_Supplied data_
━━━━━━━━━━━━━━━━
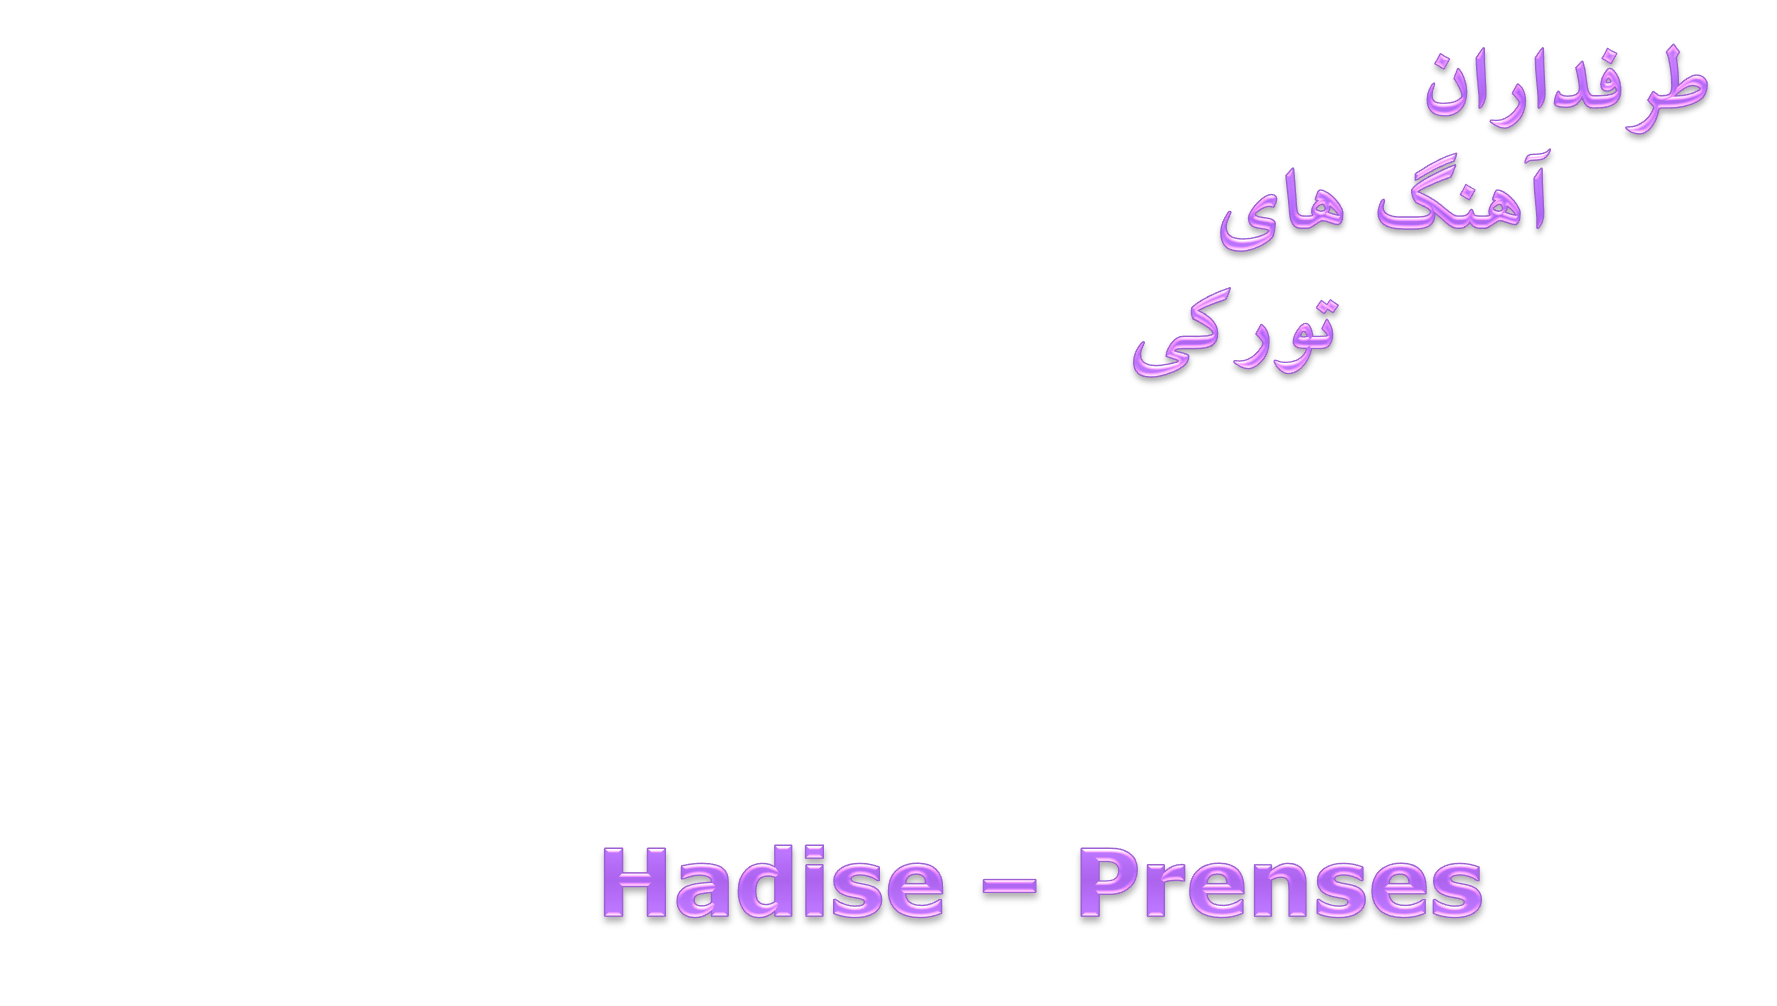 دانلود آهنگ زیبا از Hadise بنام Prenses
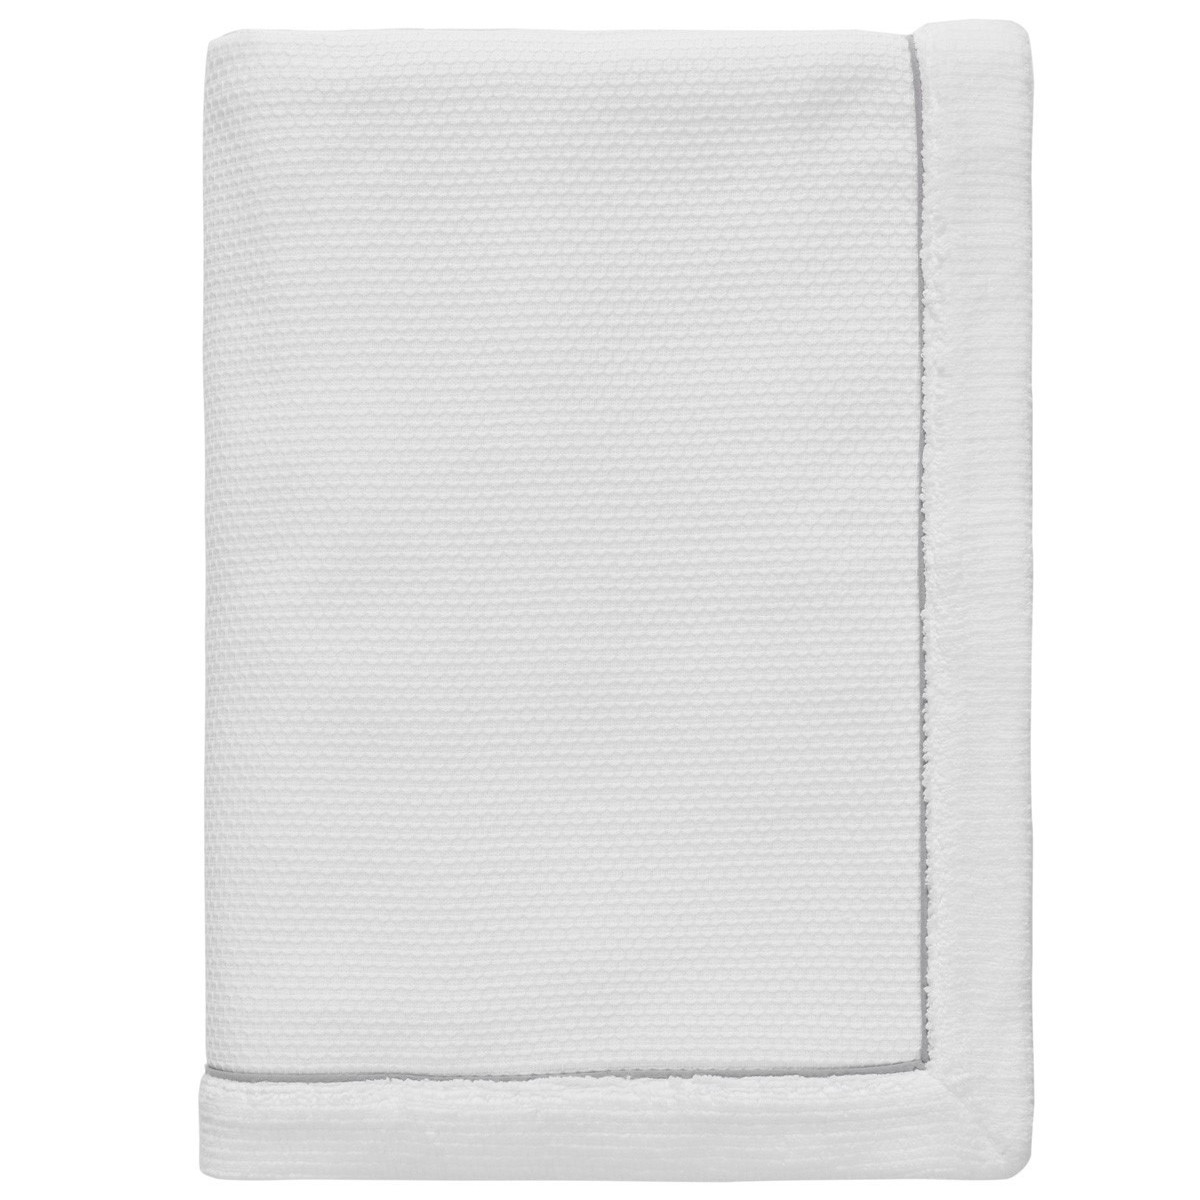 maxi drap de bain double face  blanc  100x180 cm
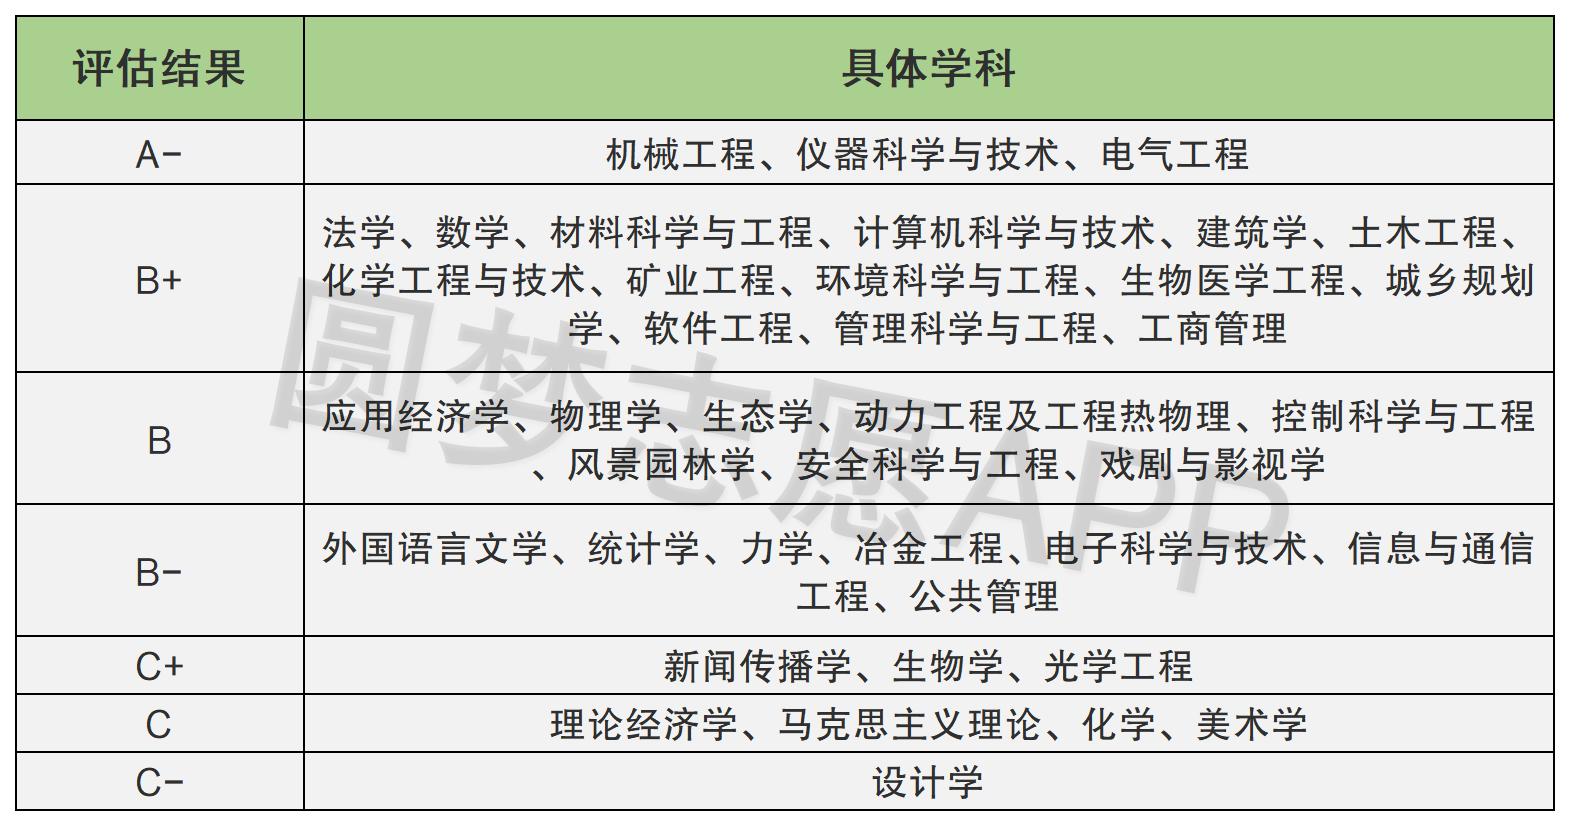 重庆大学是什么水平的大学 2021重庆大学有哪些王牌专业
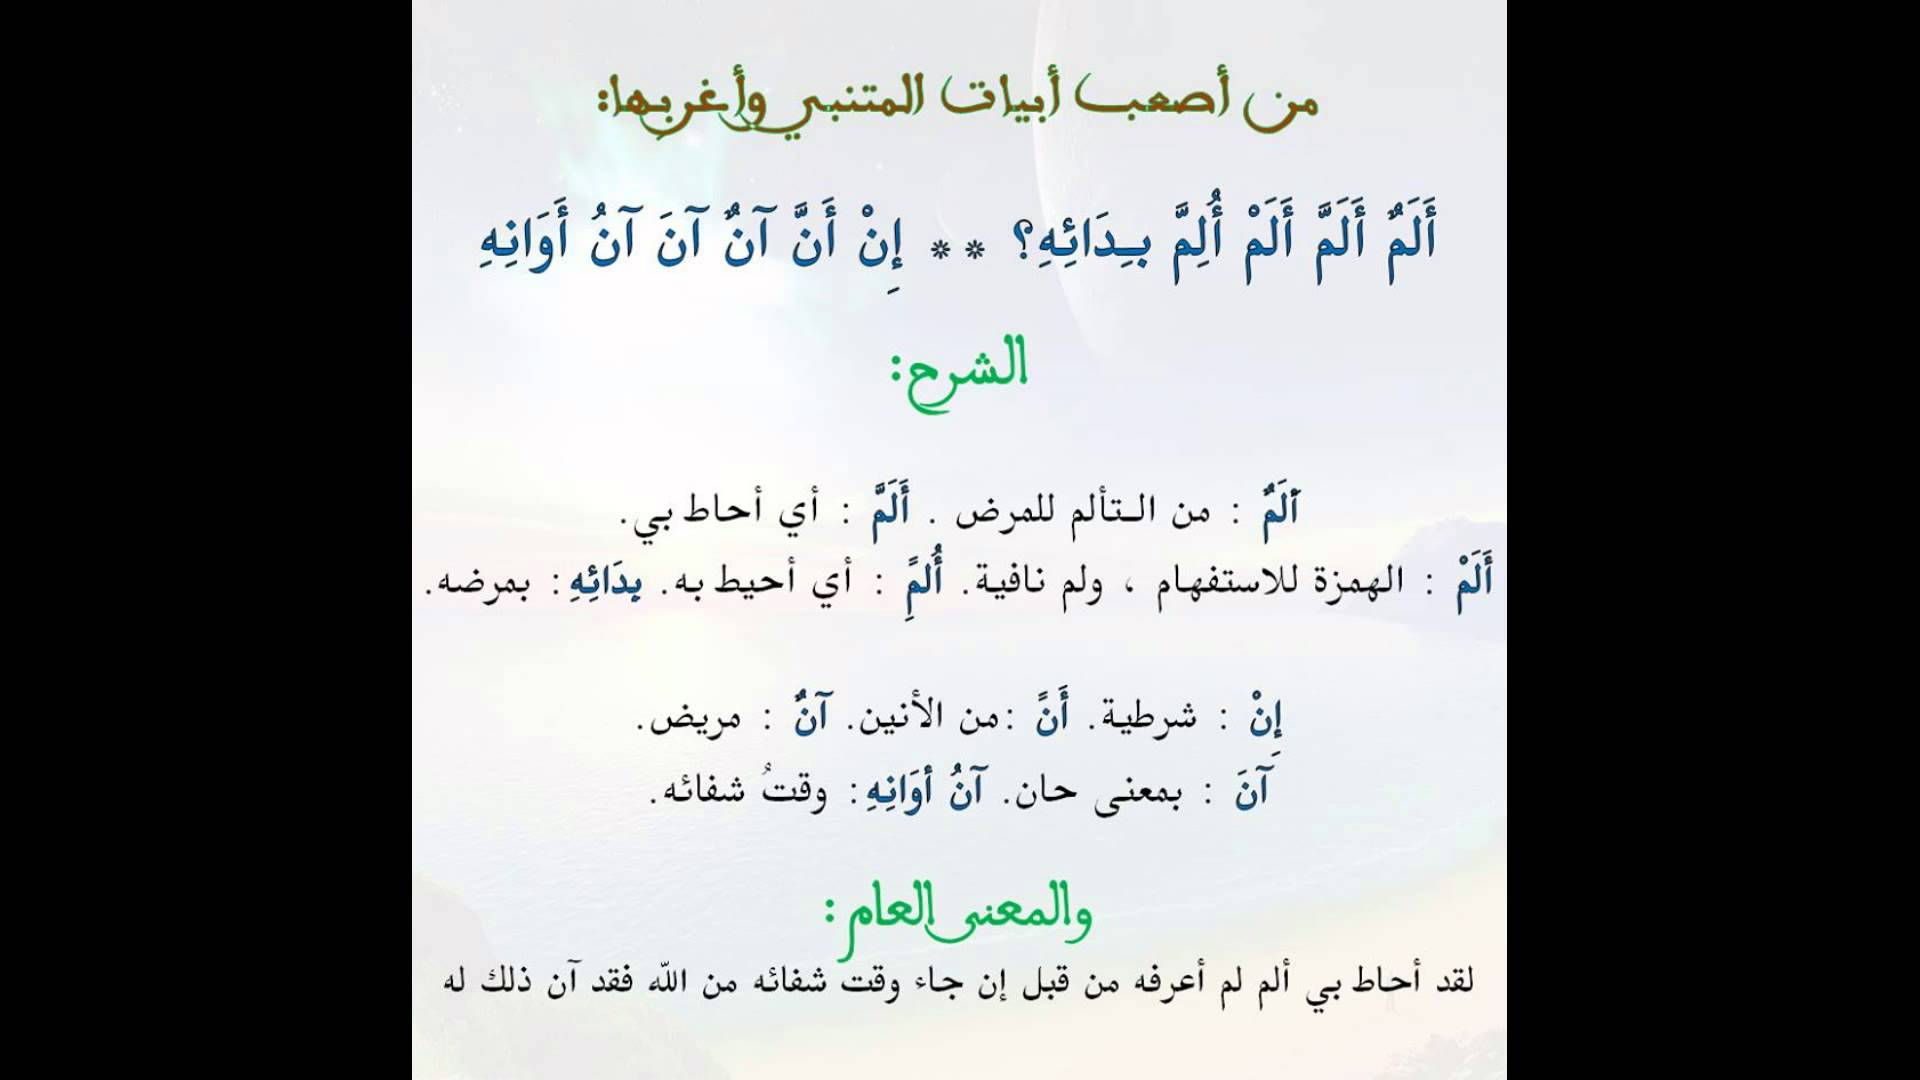 الشعر العربي
━━━━━━━━━━━━━━━━
_Exercise description_
Exact output of each line above is wanted, without the pictures.

_Reply_
 دانلود آهنگ زیبا از Hadise بنام Prenses
 maxi drap de bain double face  blanc  100x180 cm
 重庆大学是什么水平的大学 2021重庆大学有哪些王牌专业
 الشعر العربي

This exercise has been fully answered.